While watching the Olympics, it's hard not to be inspired by these athletes who have worked so hard to get to Rio. In just the first few days of the 2016 Olympics, Katie Ledecky beat her own world record in the 400-meter freestyle competition to take home Team USA's first gold. Michael Phelps won his first gold medal of the Rio games (his 19th) in the men's 400-meter freestyle relay to continue his reign as the most decorated Olympian with 23 medals. These are the triumphant stories anyone watching the Olympic coverage is used to seeing. These are the names that dominate the conversation when it comes to the Games, because they are the high-profile athletes that are expected to win for American. But, in Powerade's #JustAKid campaign for the 2016 Olympics, the brand is making it clear that we're all just kids from somewhere, and the road to the Olympics isn't always paved with gold.
"We don't choose where we begin," Powerade states in this campaign that started in 2015 with basketball player Derrick Rose and now features three United States athletes headed to the Olympics. "But we can decide how we finish." With this message, though, the sports drink is also saying that these stories shouldn't go ignored. The three athletes featured in these commercials are not the Phelpses or the Ledeckis.

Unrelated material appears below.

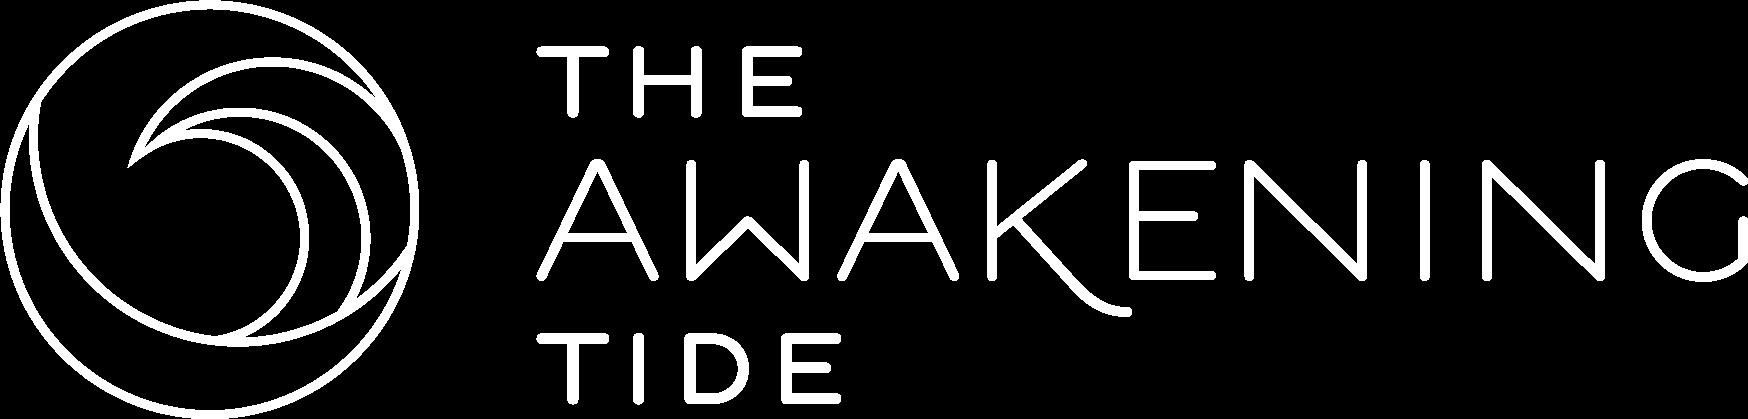 TheAwakeningTide

Instead, it's boxer Claressa Shields, track and field athlete Lopez Lomong, and boxer Shakur Stevenson.
Claressa Shields from Flint, Michigan gets a chance to tell her story, which includes a father who was in and out of jail when she was a kid and a mother who struggled with drugs. Growing up, the Olympics probably didn't seem like a viable option for a kid from Flint, a place that is known for its high crime rates and, most recently, its toxic waters. But, at just 17 years old, the middleweight fighter won a gold medal, making her the first American woman in history to win Olympic boxing gold.
Lomong's athletic ability is also what saved him, quite literally. At just 6 years old, the Kimotong, South Sudan, native was abducted during the Sudanese Civil War. He later escaped by running for three days straight and, after a decade in a refugee camp, he made his way to the U.S. where he was granted American citizenship. The now Portland, Oregon native has competed in the 2008 Beijing Olympics — where he was chosen to be Team USA's flag bearer— and the 2012 London games.
Shakur Stevenson, an Olympic bantamweight boxer from Newark, New Jersey, named after rapper Tupac Shakur, has also been fighting his whole life. Stevenson first learned how to box from his grandfather at 5 years old and is now undefeated in every one of his international fights, a positive sign that the kid from Brick City could come back home with a gold medal in his first Olympics. If he does win, Stevenson would become the first American man to bring home boxing gold since 2004.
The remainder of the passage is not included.